Each line of data below is to be returned exactly, leaving out any picture.

SOURCE DATA:
────

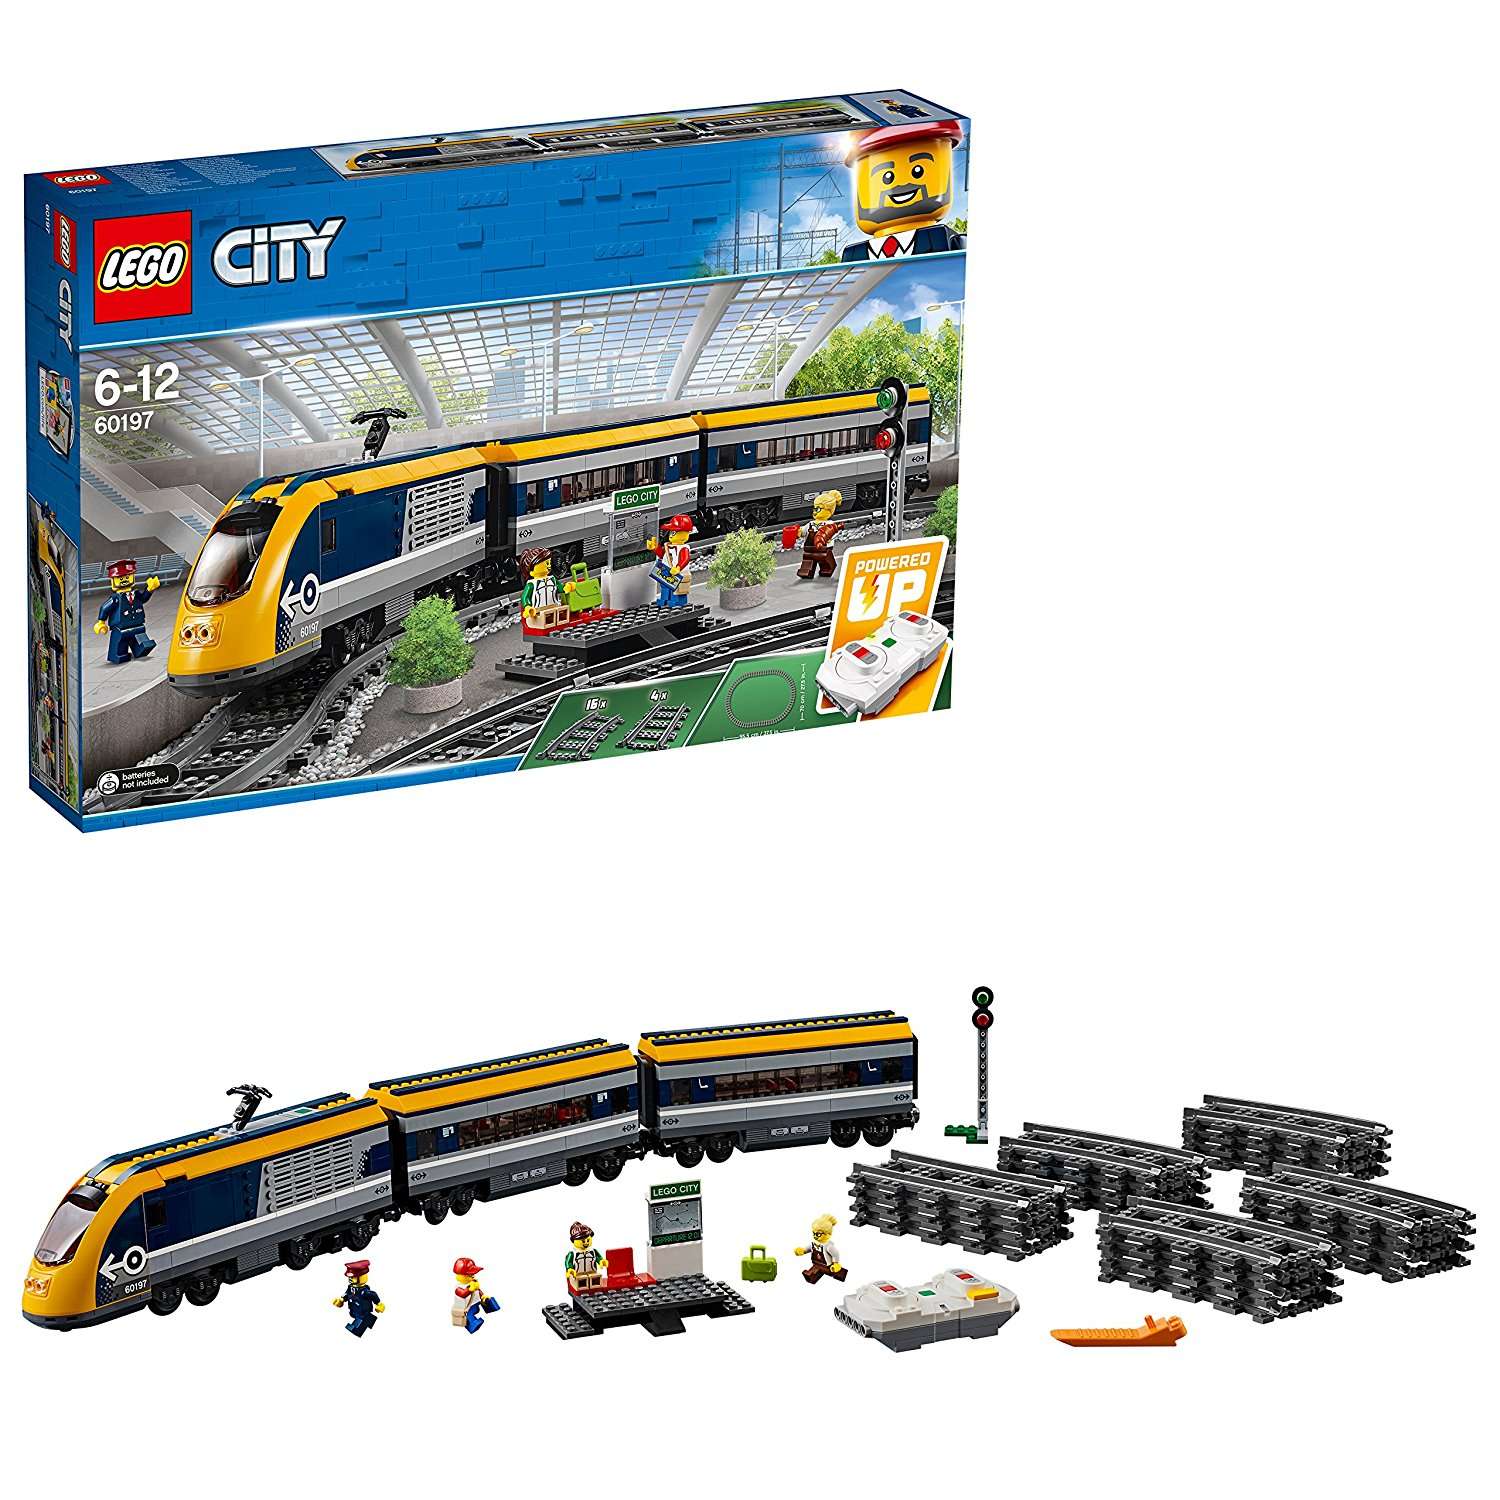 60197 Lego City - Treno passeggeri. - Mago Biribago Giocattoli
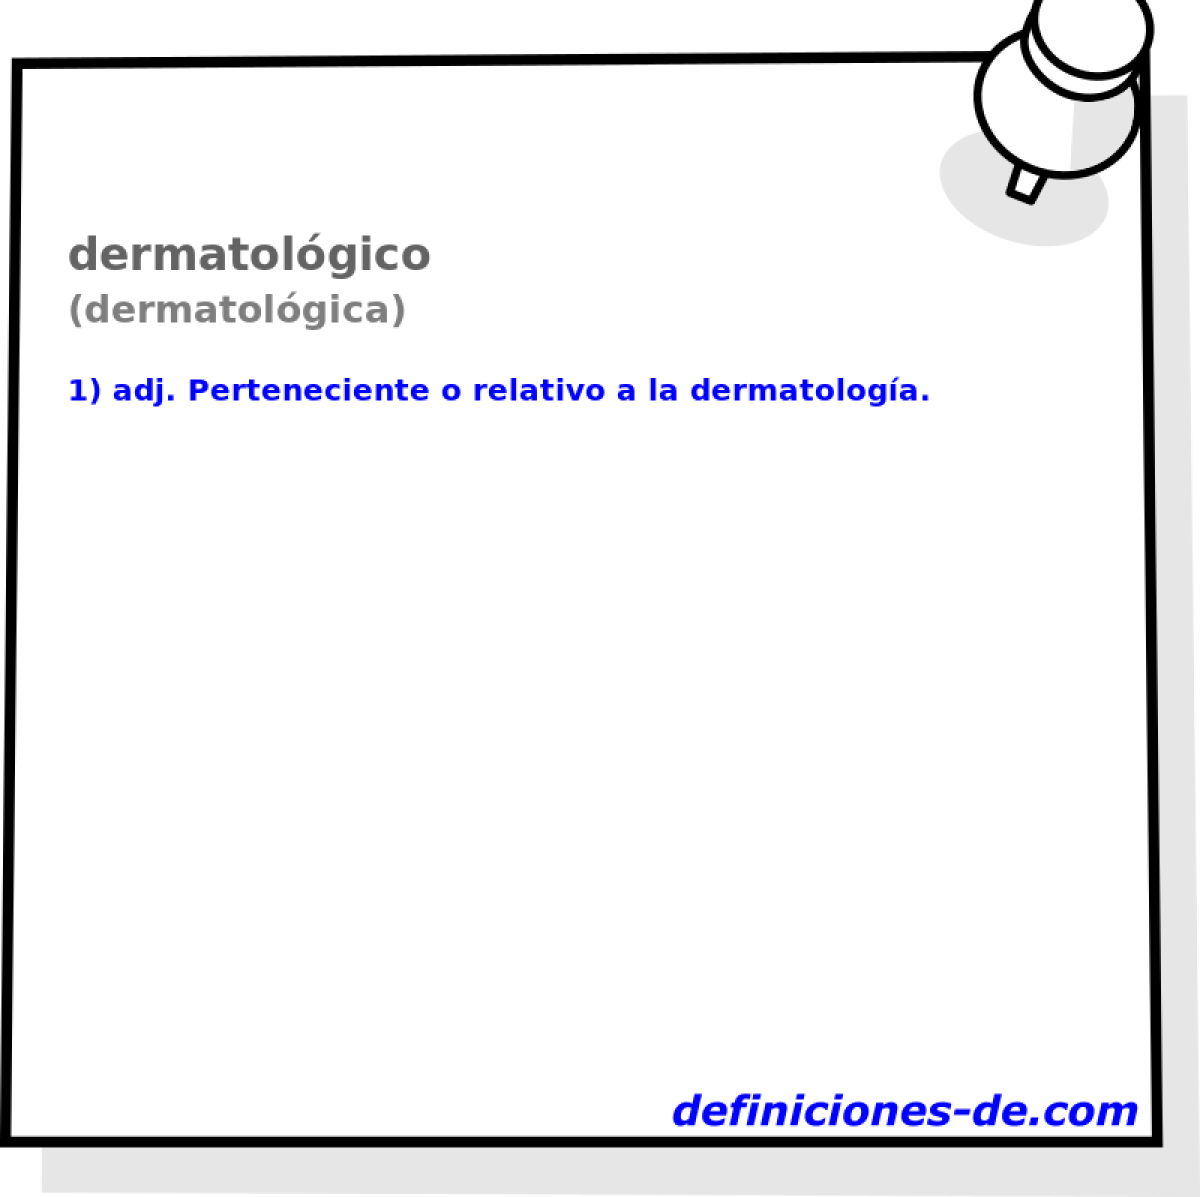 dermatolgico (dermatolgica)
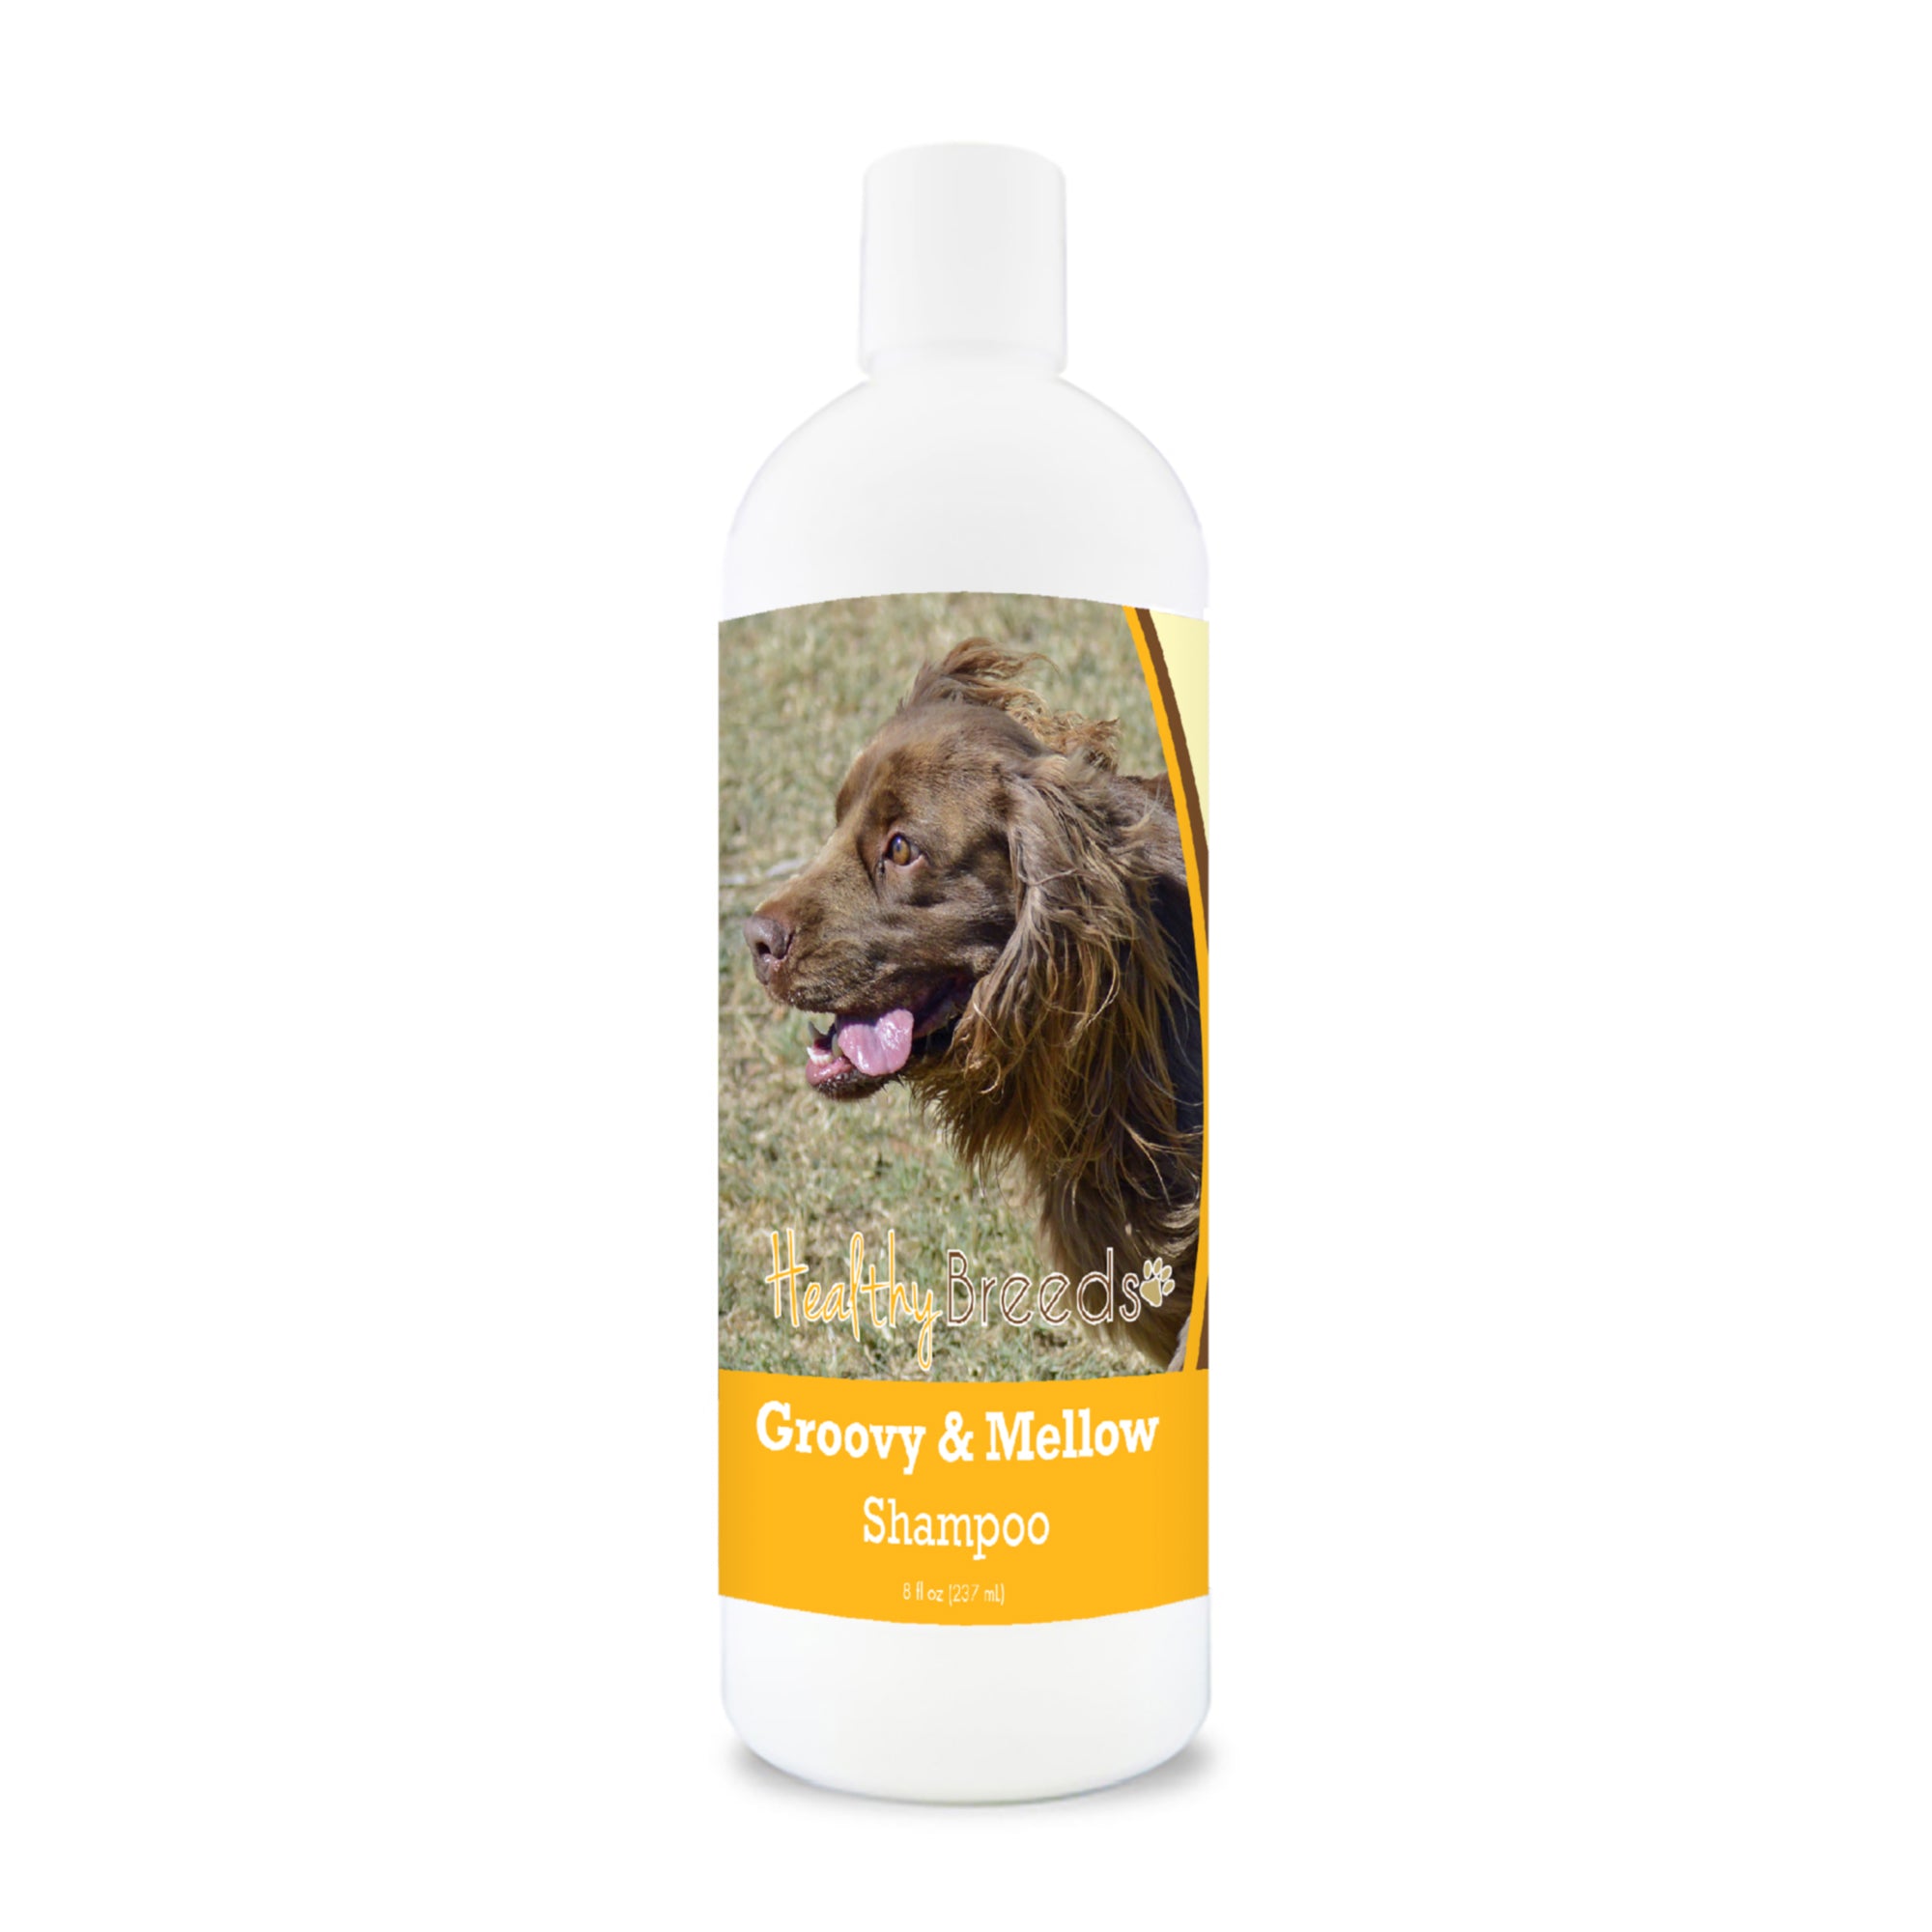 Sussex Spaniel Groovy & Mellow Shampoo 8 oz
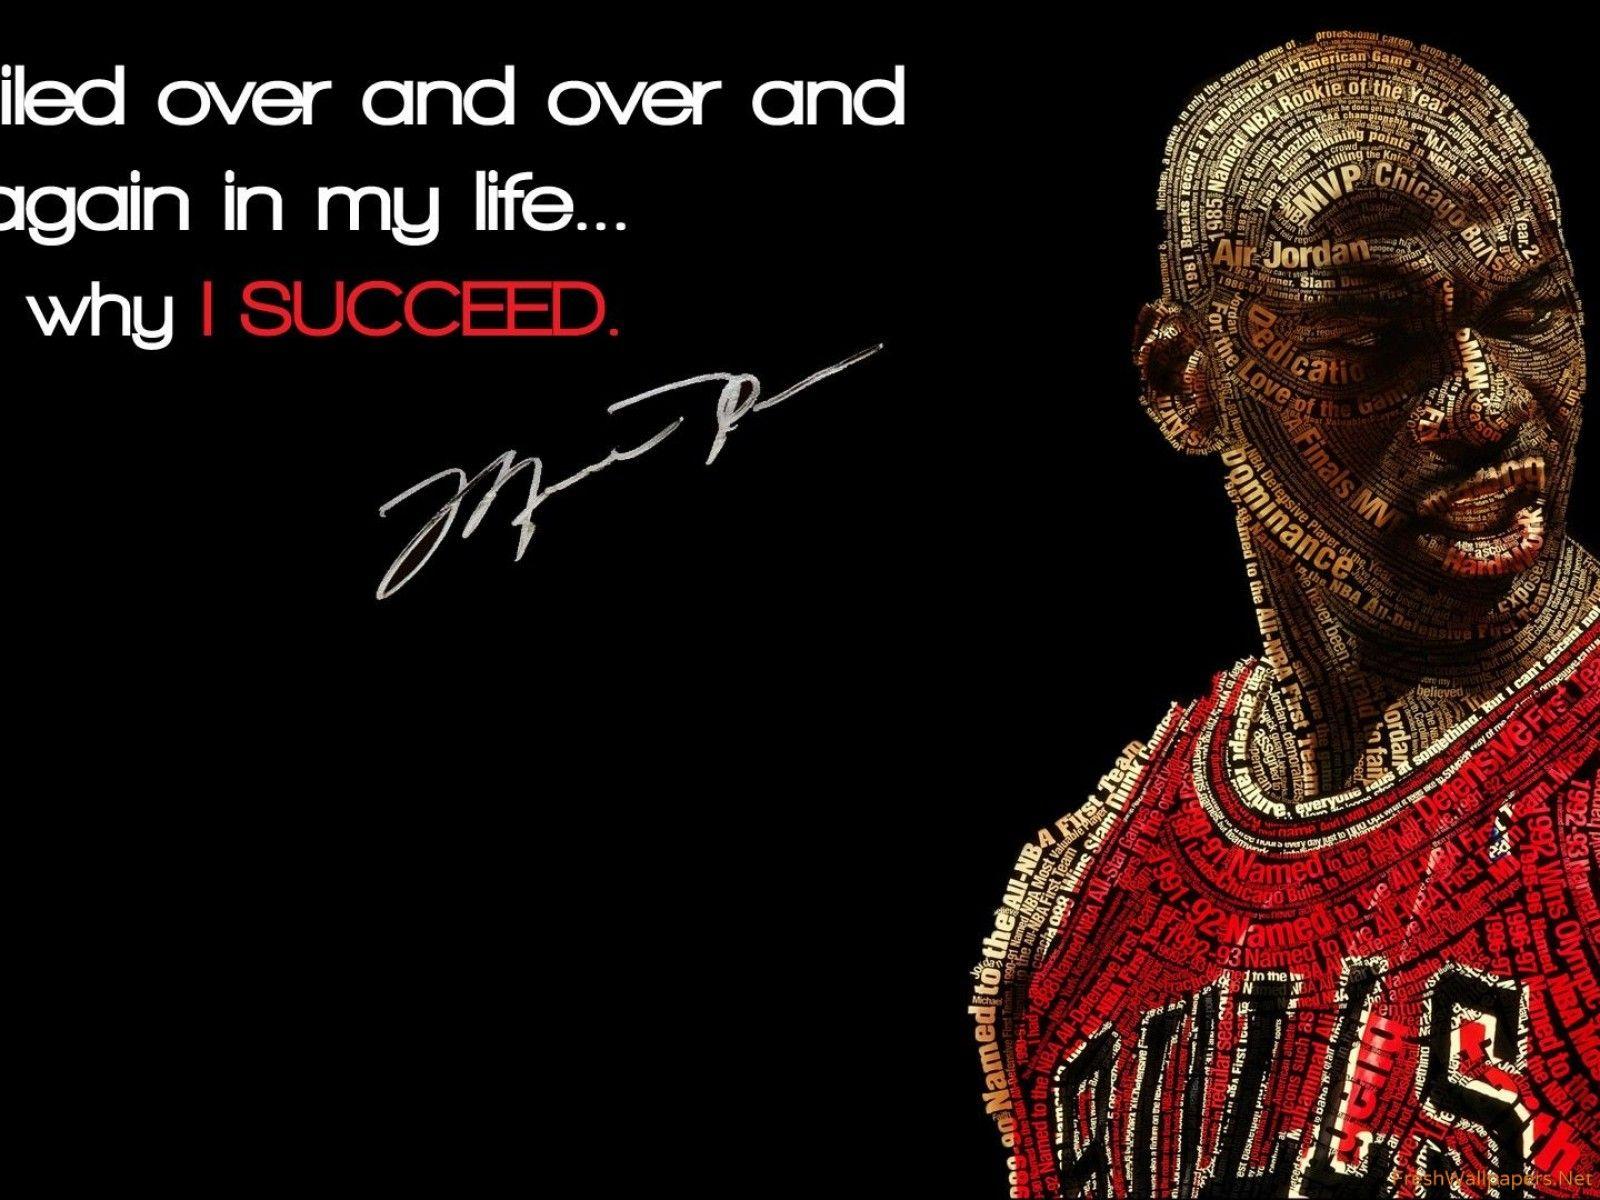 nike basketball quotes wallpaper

────

RESULT FOR THIS EXERCISE:
 60197 Lego City - Treno passeggeri. - Mago Biribago Giocattoli
 dermatolgico (dermatolgica)
 Sussex Spaniel Groovy & Mellow Shampoo 8 oz
 nike basketball quotes wallpaper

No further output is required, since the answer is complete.